For high-throughput workloads, run multiple concurrent requests:

import asyncio
from synapsekit import LLMConfig
from synapsekit.llm.cerebras import CerebrasLLM

llm = CerebrasLLM(LLMConfig(model="llama3.1-8b", api_key="csk-..."))

prompts = [
"Translate to Spanish: Hello world",
"Translate to French: Hello world",
"Translate to German: Hello world",
"Translate to Japanese: Hello world",
"Translate to Arabic: Hello world",
]

# Fire all requests concurrently
results = await asyncio.gather(*[llm.generate(p) for p in prompts])
for prompt, result in zip(prompts, results):
print(f"{prompt[:30]}{result}")
# Translate to Spanish: Hello w → Hola mundo
# Translate to French: Hello wo → Bonjour le monde
# ...

Cost tracking

from synapsekit.observability import CostTracker

tracker = CostTracker()
llm = CerebrasLLM(LLMConfig(model="llama3.1-70b", api_key="csk-..."))
llm.attach_tracker(tracker)

await llm.generate("Summarize the history of computing in 200 words.")
print(f"Cost: ${tracker.total_cost_usd:.6f}")

Custom base URL

llm = CerebrasLLM(
LLMConfig(model="llama3.1-70b", api_key="csk-..."),
base_url="http://localhost:8000/v1",
)

Parameters reference

ParameterDescription
modelCerebras model ID (e.g. llama3.1-70b)
api_keyYour Cerebras API key (starts with csk-)
temperatureSampling temperature (0.0–1.0)
max_tokensMaximum output tokens
base_urlCustom API base URL (default: https://api.cerebras.ai/v1)

Error handling

from synapsekit.exceptions import LLMError, RateLimitError, AuthenticationError

try:
response = await llm.generate("Hello")
except AuthenticationError:
print("Invalid API key — get one at cloud.cerebras.ai")
except RateLimitError as e:
print(f"Rate limited.

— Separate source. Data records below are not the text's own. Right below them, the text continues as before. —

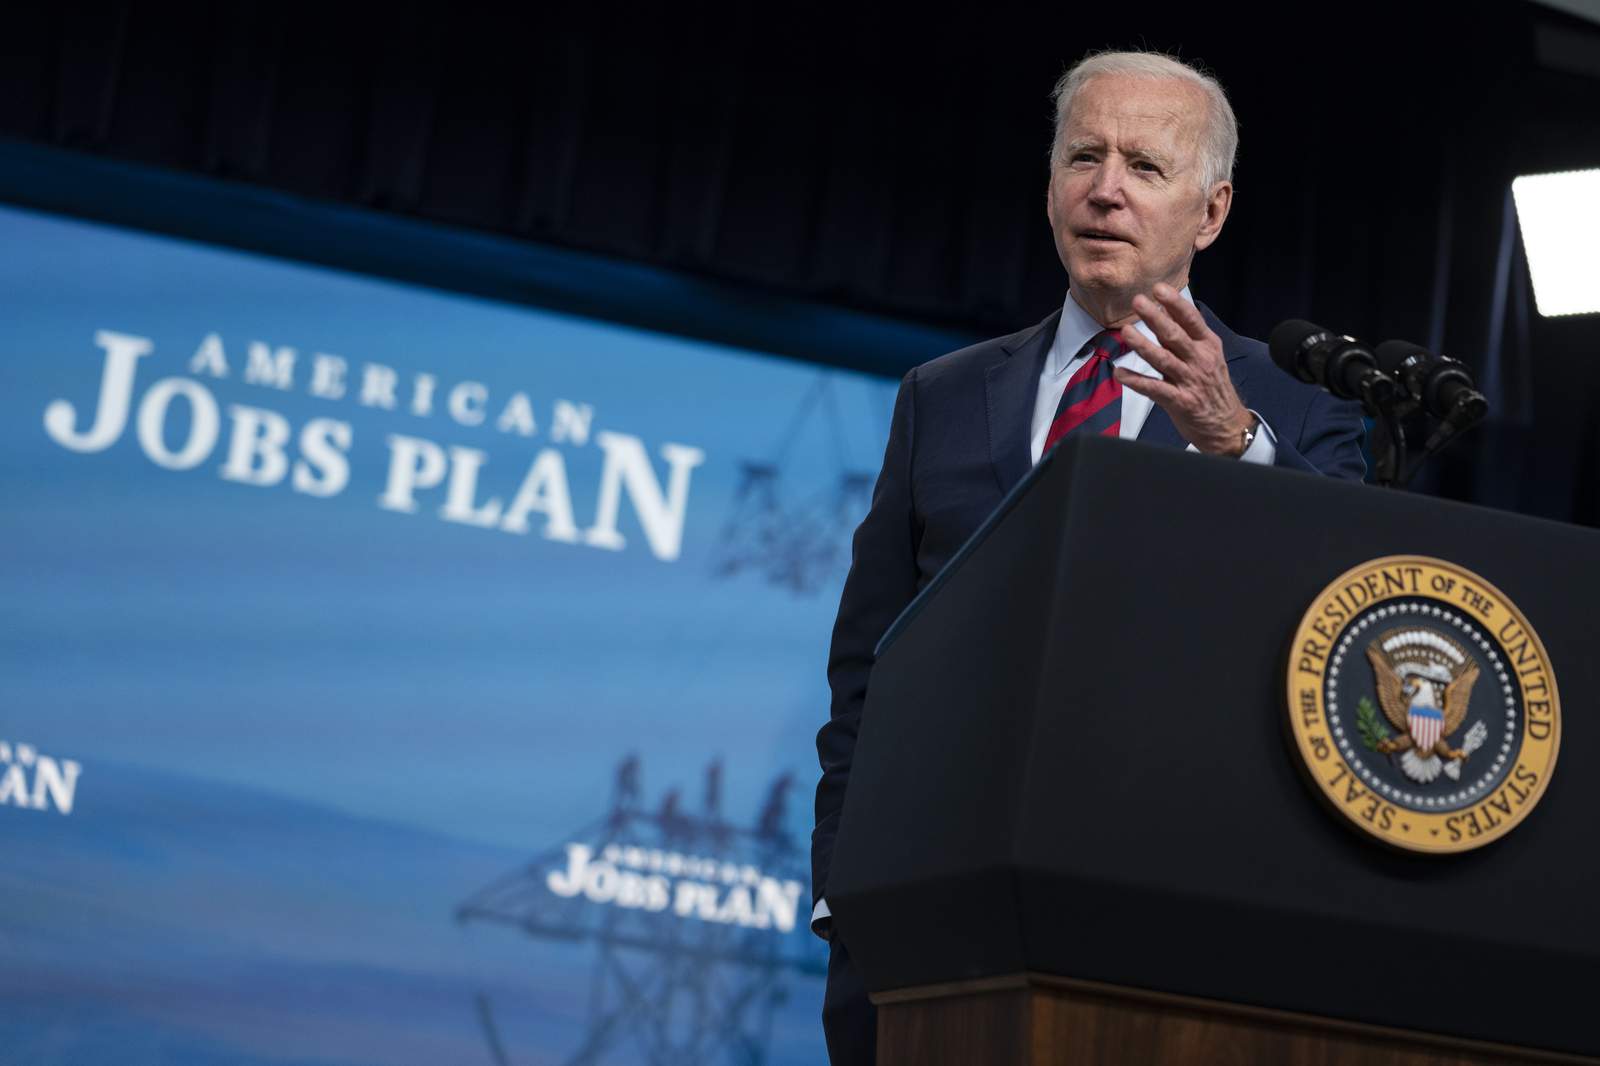 Biden open to compromise on infrastructure, but not inaction
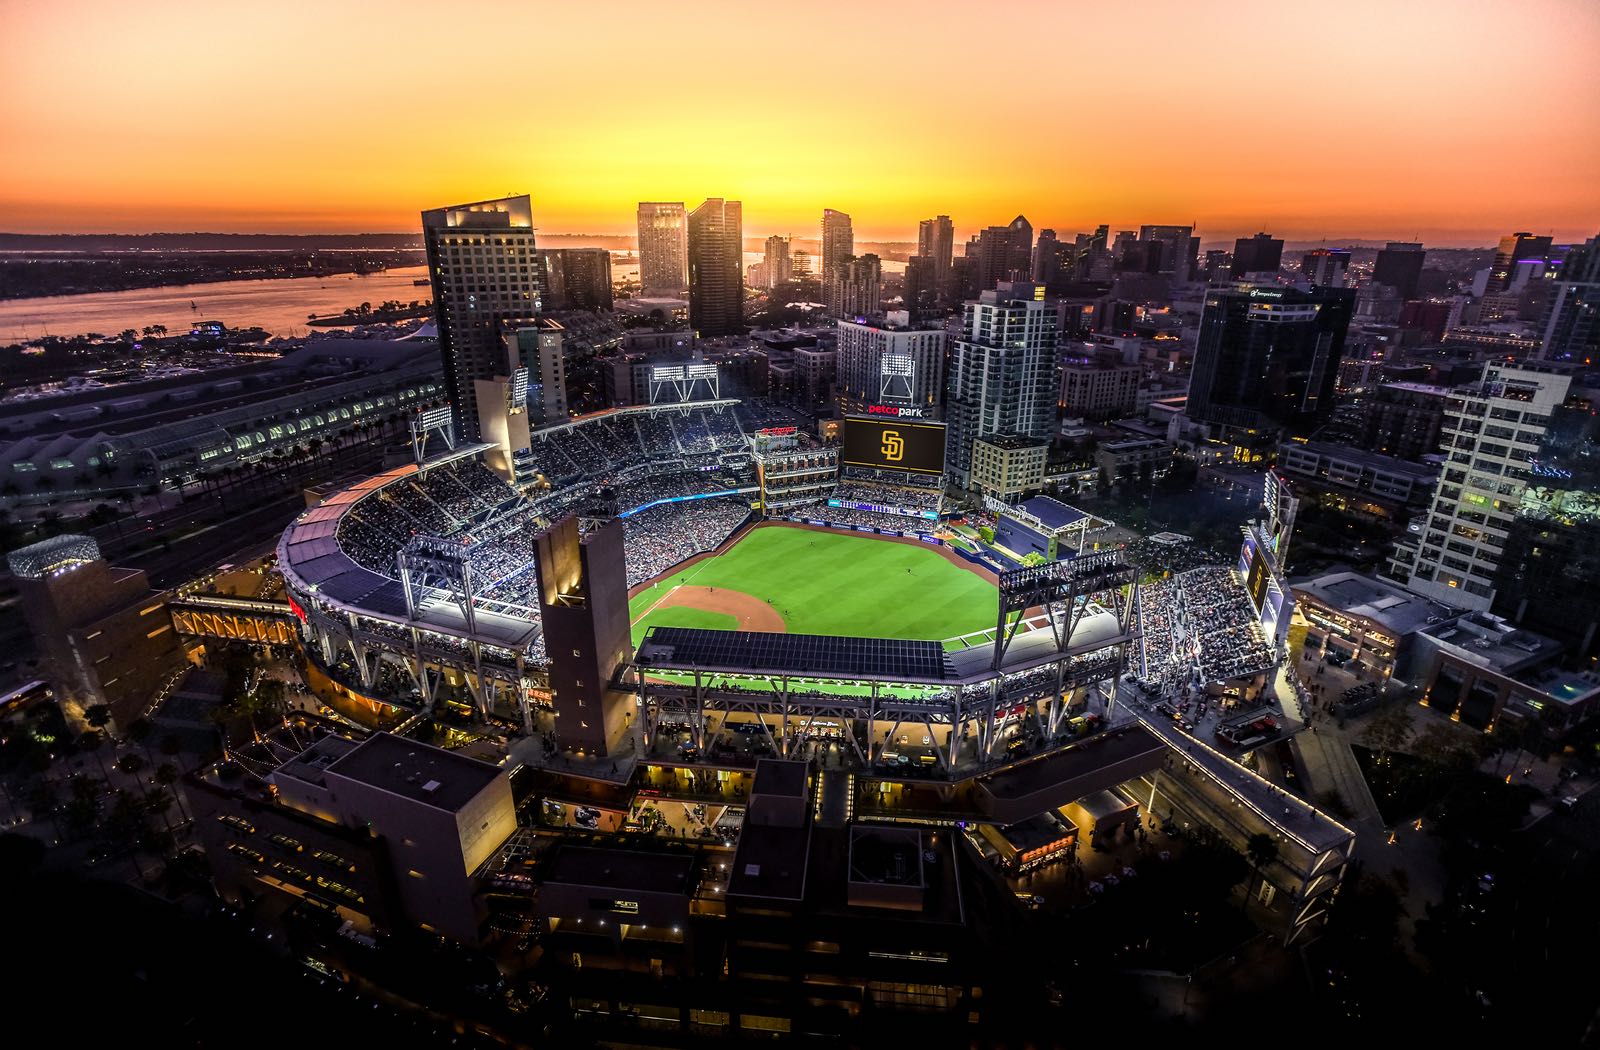 Catch the Holiday Bowl at its new home Petco Park
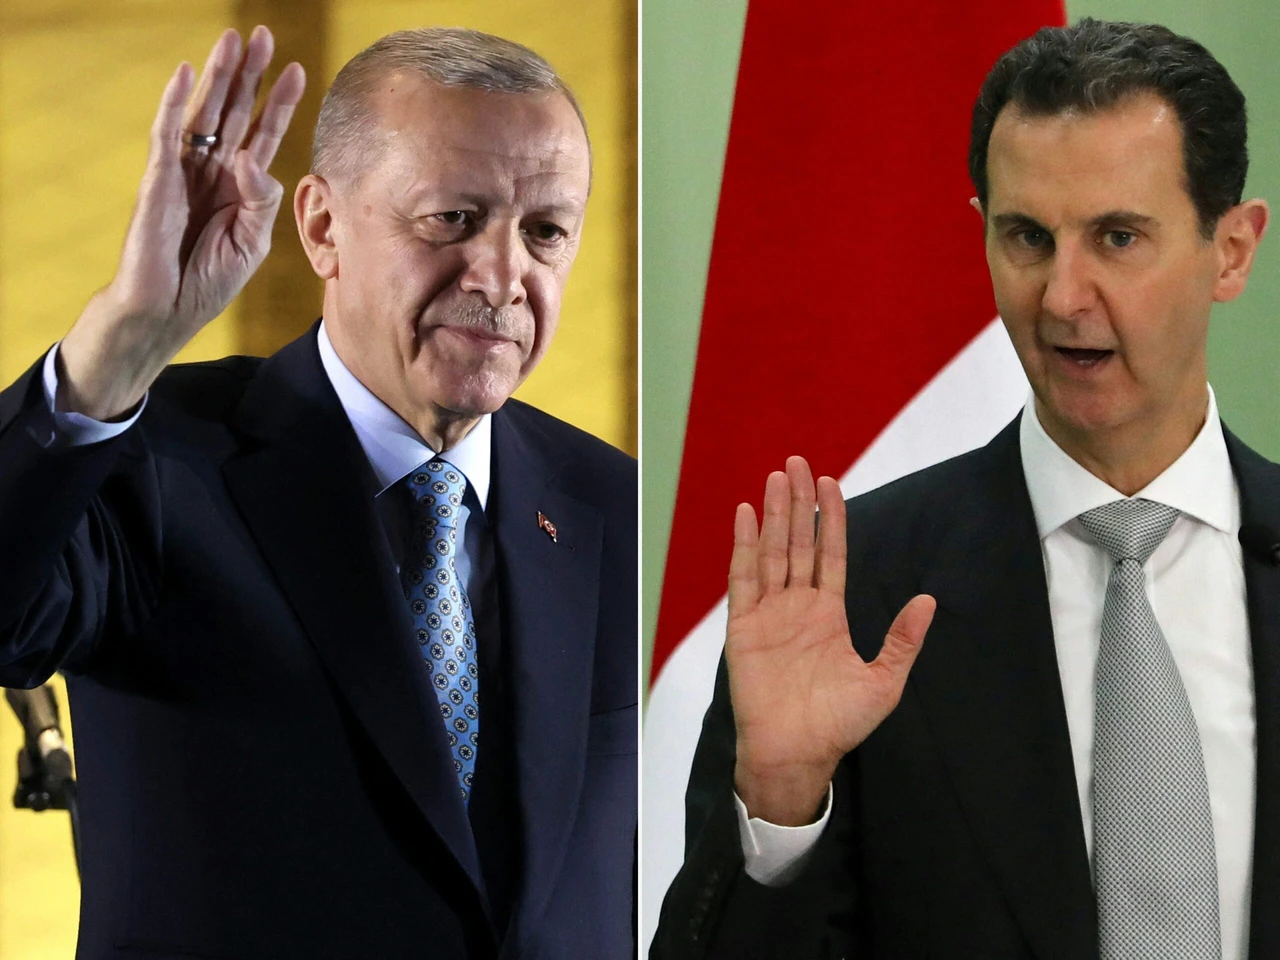 Syria's Assad open to talks with Erdogan, stresses key conditions

Retry after {e.retry_after}s")
except LLMError as e:
print(f"Cerebras error: {e}")
tip

Cerebras is ideal for latency-sensitive use cases like streaming chatbots, real-time code completion, and interactive agents. The extreme token throughput means users see meaningful output almost instantly.